A new steerable drilling system, which integrates a pin-down positive displacement motor (PDM) with a box-up, extended-gauge polycrystalline diamond compact (PDC) bit, has reduced bend angles and downhole vibrations leading to improved directional control and reduced hole spiraling.

Although widely recognized for providing excellent "gun-barrel" hole quality in vertical wells, directional engineers and drillers do not commonly combine extended-gauge bits with PDM assemblies, believing each component is incompatible with the other.

As a result, efforts have been undertaken to produce a system that retains the attributes of the steerable motor, such as directional control, while providing the hole-quality benefits of extended-gauge bit utilization.

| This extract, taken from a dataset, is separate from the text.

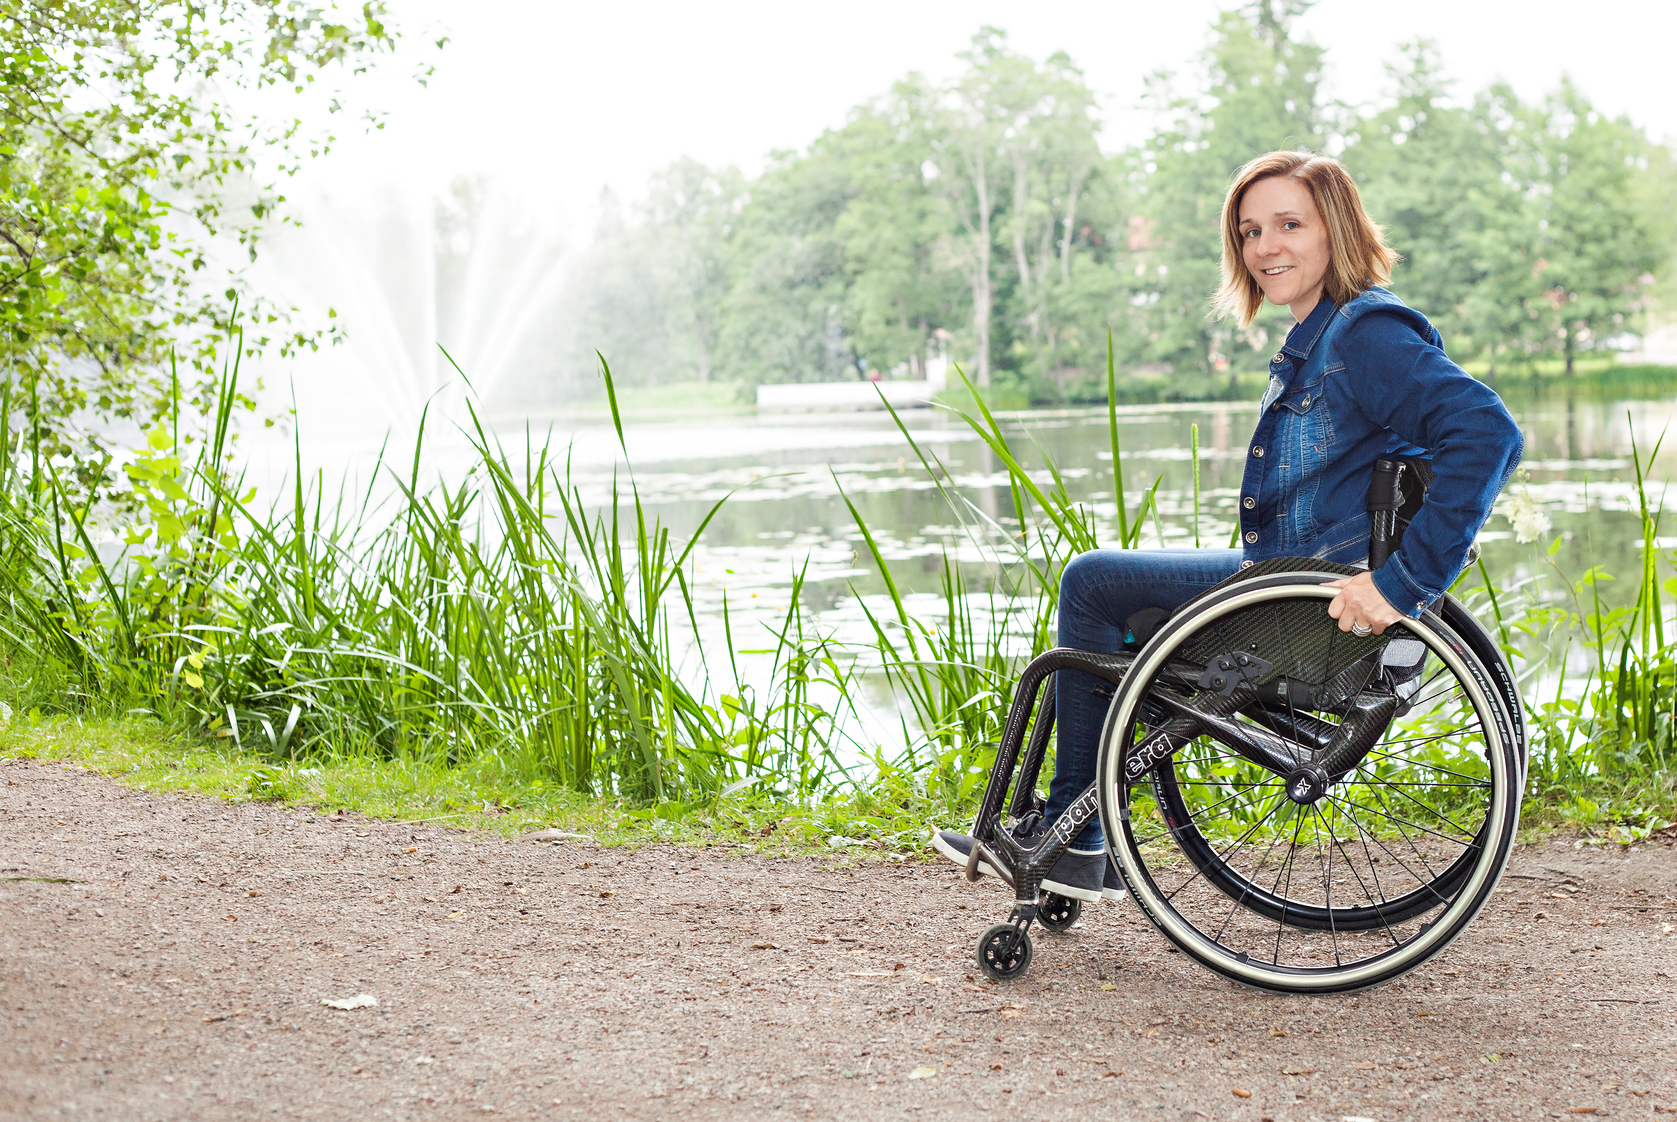 Foto på Josefine Axefall som sitter i rullstolen framför fontänen i Sala Stadspark en solig sommardag. Hon är klädd i blåjeans och jeansjacka.

Fotograf: allprintreklam.se

Field applications and controlled testing now show that such a system can be used to turn, build, drop, and hold angle, much like a standard steerable assembly. Other benefits include improved hole-cleaning effects, reduced drag and hole tortuosity, and greater mud-motor (PDM) and measurement-while-drilling (MWD) tool reliability.

The improved overall hole quality led to increased penetration rates in both sliding and rotary modes, while reducing the time required for many nondrilling activities such as casing installation, hole conditioning, and back-reaming. The technology may also have considerable implications for extended-reach and coiled-tubing drilling applications.

Matched-drilling system

By treating the bit and motor as a system, it became possible to overcome directional limitations previously experienced when long-gauge bits, or short-gauge bits with piggyback stabilization, were used in combination with conventional motors.

Based on standard bit-selection criteria for local applications, the new steerable system utilizes a PDC bit design based on two criteria.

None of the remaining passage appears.